A subsidiary's losses, even if resulting in a capital deficiency
in the subsidiary, will be allocated between the parent company and
non-controlling interests, even if the non-controlling interests
have not guaranteed or have no contractual obligation for
supporting the subsidiary or of investing further amounts.
A transaction, whether sale or purchase, with non-controlling
interests is accounted for as an equity transaction. Accordingly,
the acquisition of non-controlling interests by the Group is
recognized as an increase or decrease in equity (retained earnings)
and is calculated as the difference between the consideration paid
by the Group and the proportionate amount of the non-controlling
interests acquired and derecognized on the acquisition date.
NOTE 1 - ACCOUNTING POLICIES (cont.):
Upon the disposal of an interest in a subsidiary that does not
result in a loss of control, an increase or decrease is recognized
in equity (retained earnings) for the amount of the difference
between the consideration received by the Group and the carrying
amount of the non-controlling interests in the subsidiary which has
been added to the equity attributable to the equity holders of the
Company (as for non-controlling interests share of other
comprehensive income, the Company reattributes the cumulative
amounts recognized in other comprehensive income between the equity
holders of the Company and the non-controlling interests).

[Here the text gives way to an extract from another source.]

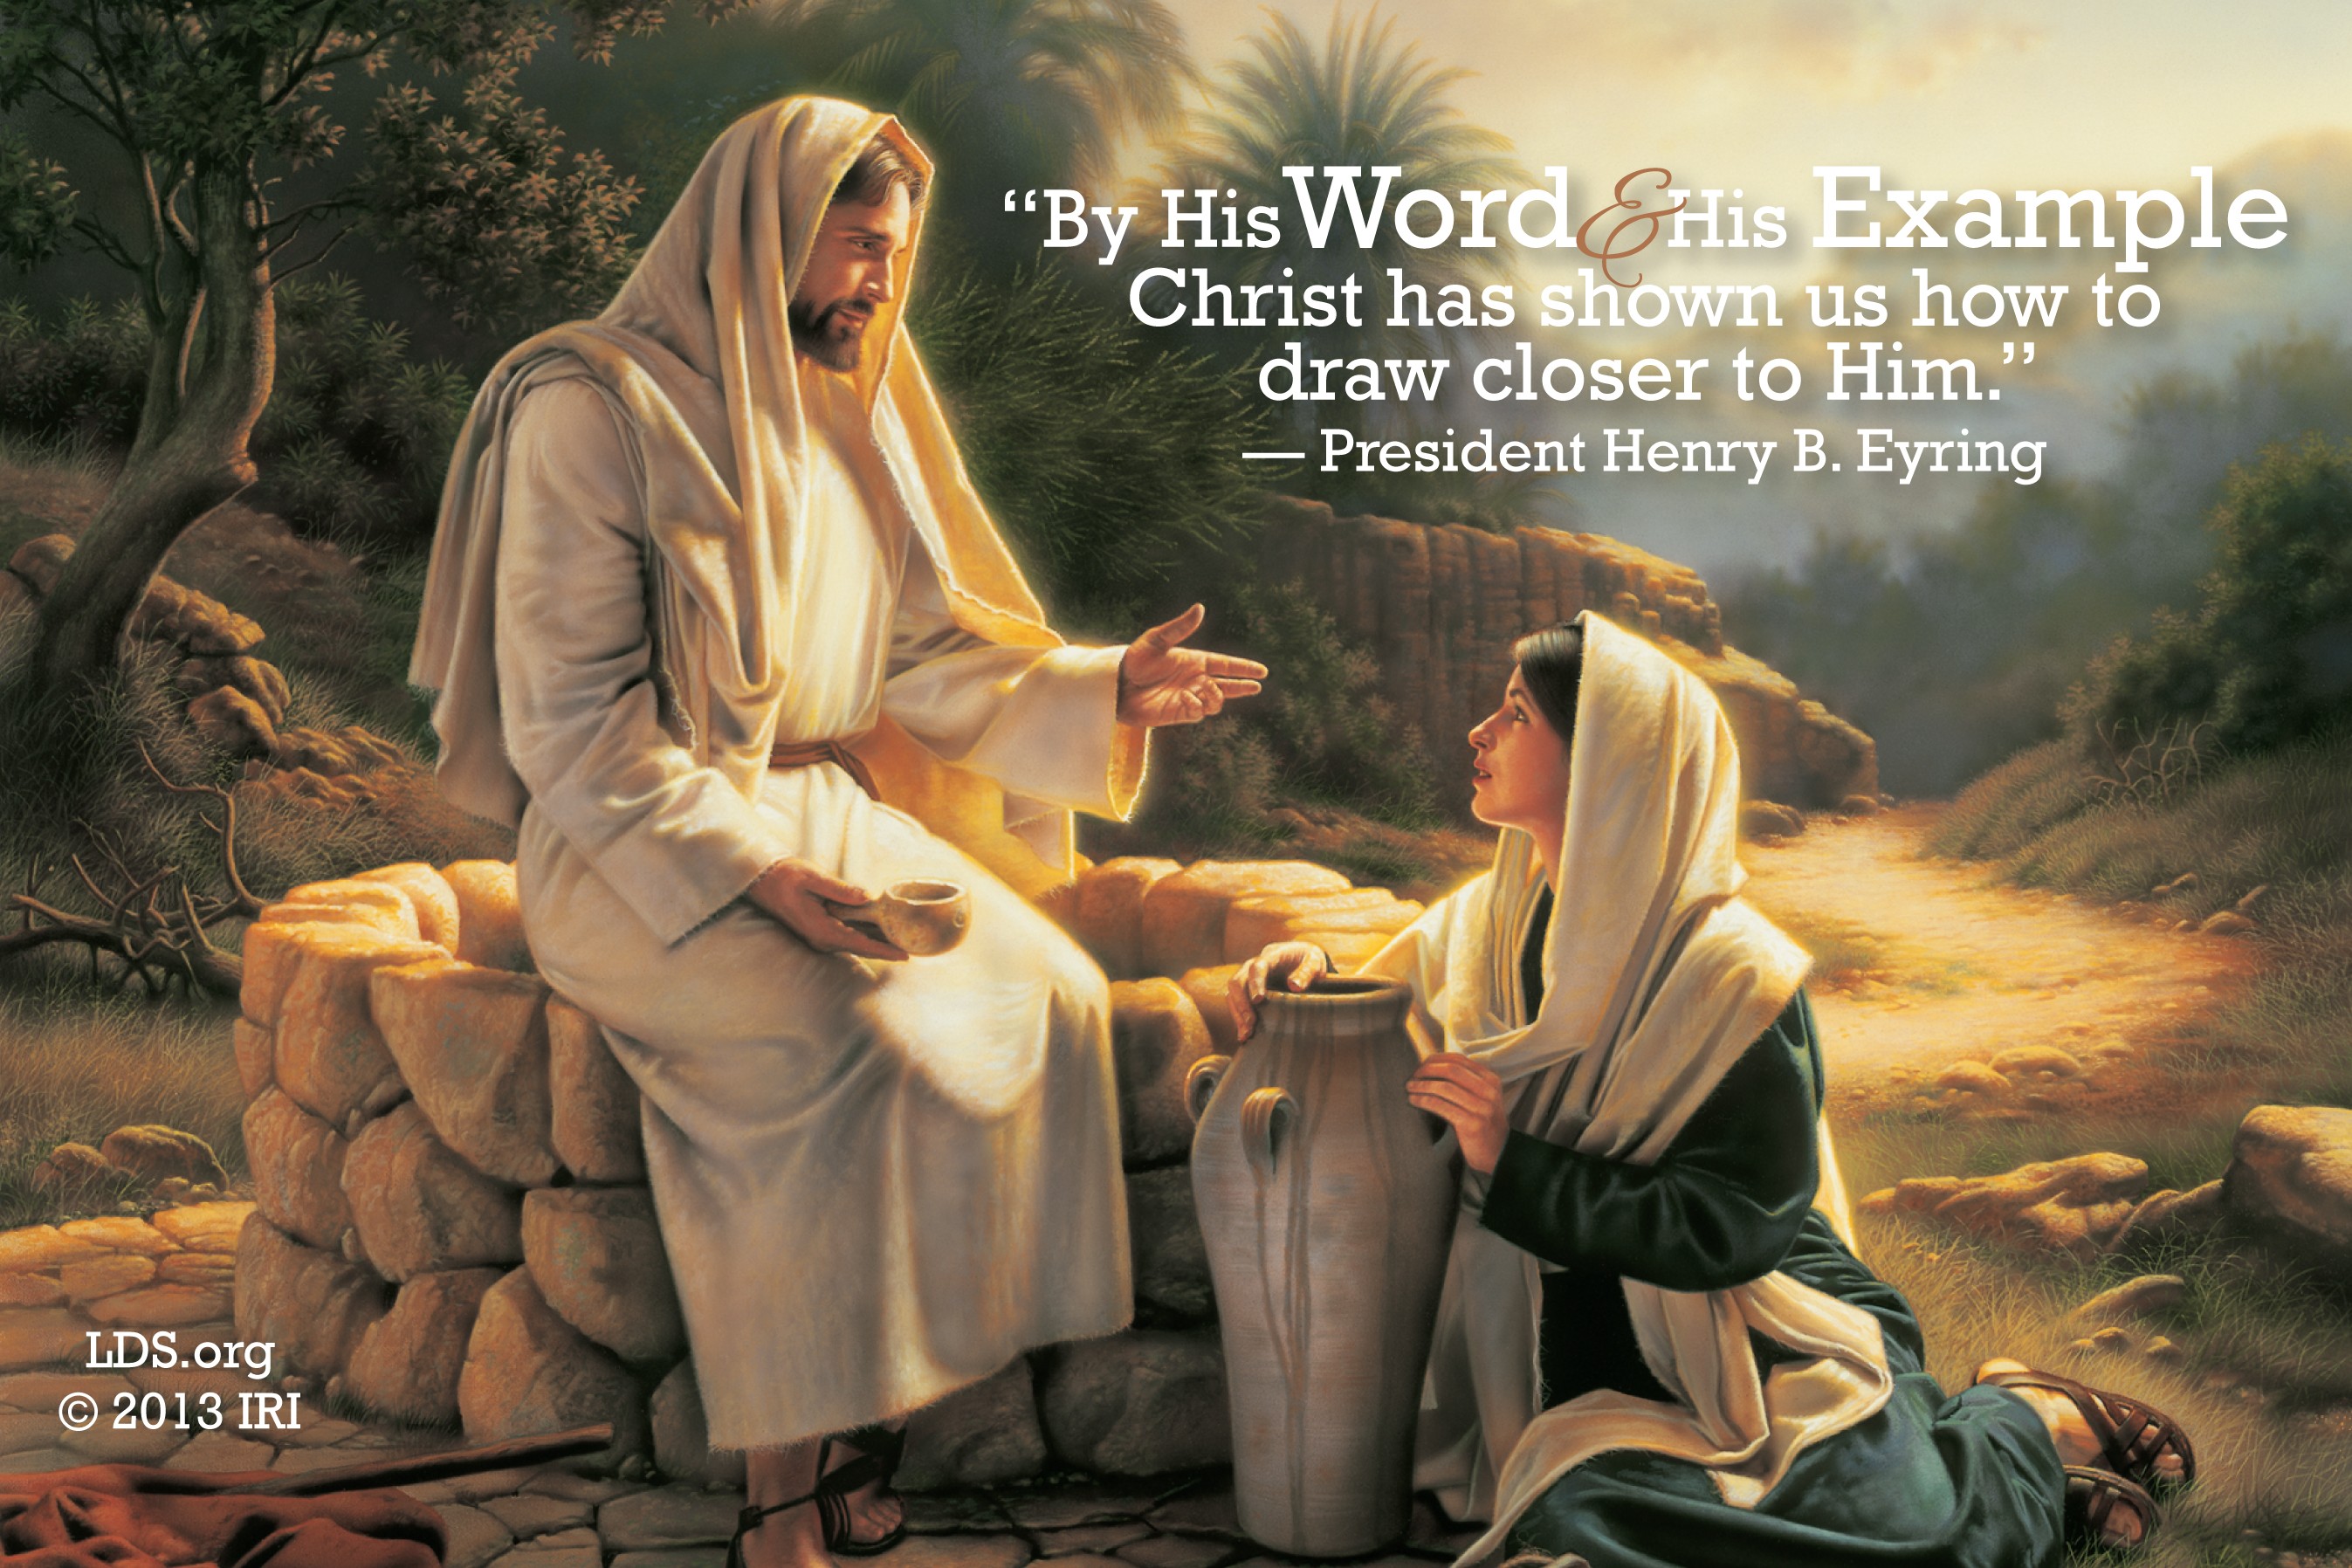 A painting of Christ and the woman at the well, coupled with a quote by President Henry B. Eyring: “Christ has shown us how to draw closer to Him.”

Identifiable assets and liabilities on the acquisition date are
classified and designated on the basis of the contractual terms,
economic conditions and other pertinent conditions as they exist at
the acquisition date, except for classifications of leases and
insurance contracts.
In a business combination achieved in stages, the acquirer
remeasures its previously held equity interest in the acquiree at
its acquisition date fair value and recognizes the resulting gain
or loss, if any, including reclassification of amounts included in
other comprehensive income. Upon the loss of control of a
subsidiary, any retained interest is revalued to fair value with
the resulting difference included in the gain or loss from the sale
and this fair value represents the cost basis for the purpose of
subsequent accounting.
Cash flows from transactions with non-controlling interests
(with no change in control status) are classified in the statement
of cash flows as financing activities (and are no longer classified
as investing activities).
The Standards have been adopted prospectively from January 1,
2010. The initial adoption of the Standard did not have any
material effect on the consolidated financial statements.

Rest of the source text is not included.